The Disastrous Potential of the Texas Abortion-Pill Ruling

A nationwide ban on mifepristone would further erode doctors’ ability to provide—or learn how to provide—lifesaving care.
A medical instrument is pressed onto a patients belly.
“When we teach people to provide abortion care, there are also skills that we use for pregnancy-loss care,” the director of U.C.S.F.’s Bixby Center for Global Reproductive Health said.Source photograph from Getty

Last week, two federal judges issued conflicting rulings on the abortion drug mifepristone, setting the stage for a clash that is likely to end up in the Supreme Court. First, a judge in Texas ruled that mifepristone would be banned nationwide in seven days. Then, a judge in Washington ordered the F.D.A. not to make any changes to the availability of the drug, which the agency approved for use more than two decades ago and which has an extensive safety record. While the legal process unfolds, abortion providers and health professionals are caught in limbo, exacerbating the challenges they have faced since last year’s Dobbs decision.
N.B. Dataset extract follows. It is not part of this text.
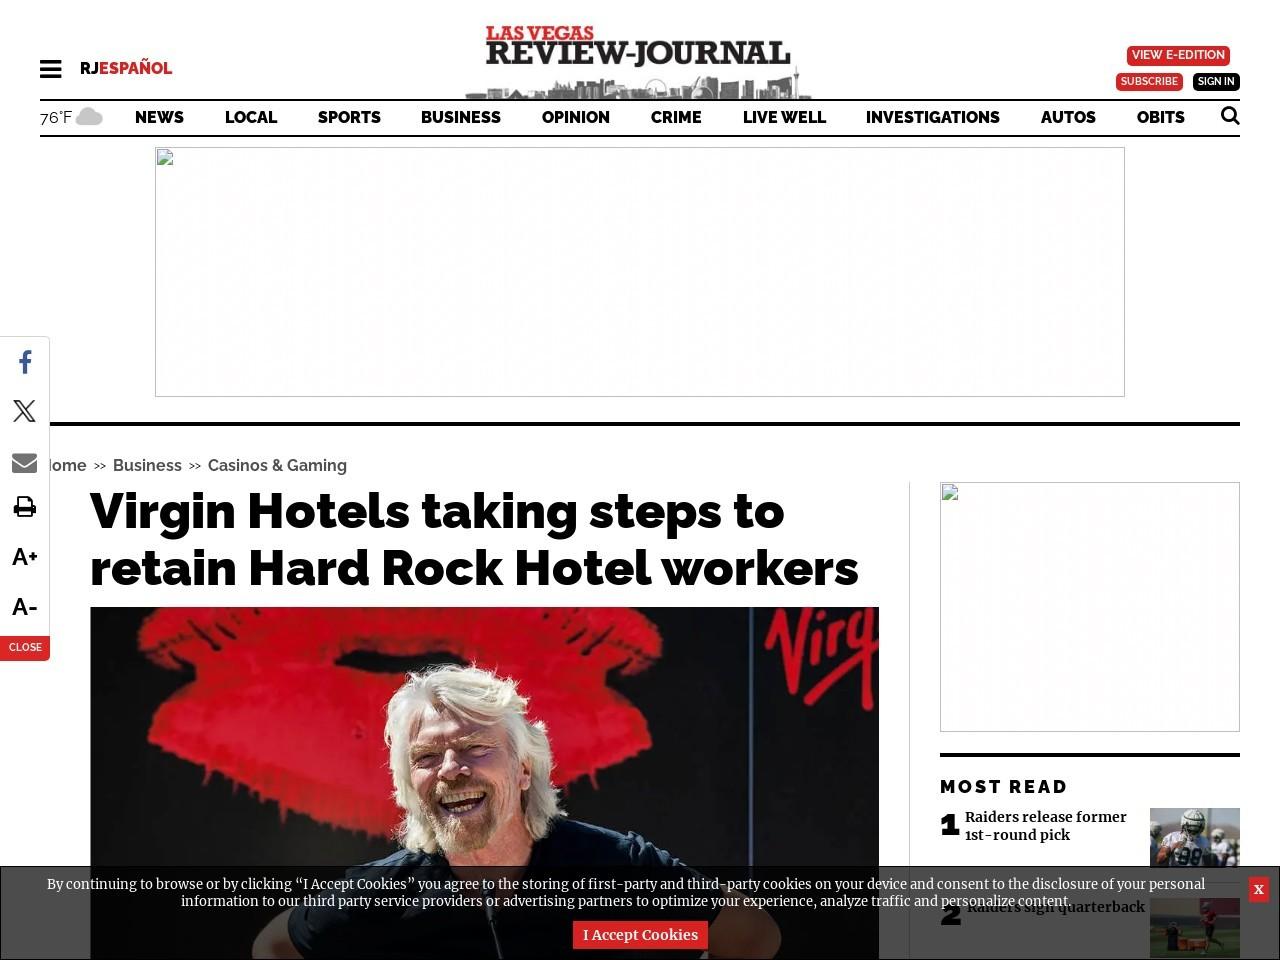 Virgin Hotels taking steps to retain Hard Rock Hotel workers

I recently spoke by phone with Jody Steinauer, the director of the Bixby Center for Global Reproductive Health at the University of California, San Francisco, to better understand how abortion care changed after Dobbs and what a ban on mifepristone would mean for women’s health care. Our conversation, edited for length and clarity, is below.

How might a ban on mifepristone affect reproductive health, and how could it impact the jobs and training of medical professionals?

This is just another attempt to limit access for people who need abortion care. There’s a strong evidence base for mifepristone—and for the safety of mifepristone followed by misoprostol. We do have the option of using misoprostol without the pretreatment of mifepristone, and so there are ways around [a ban]. But lots of systems are going to have to change protocols, which is going to lead to confusion for patients and confusion for providers.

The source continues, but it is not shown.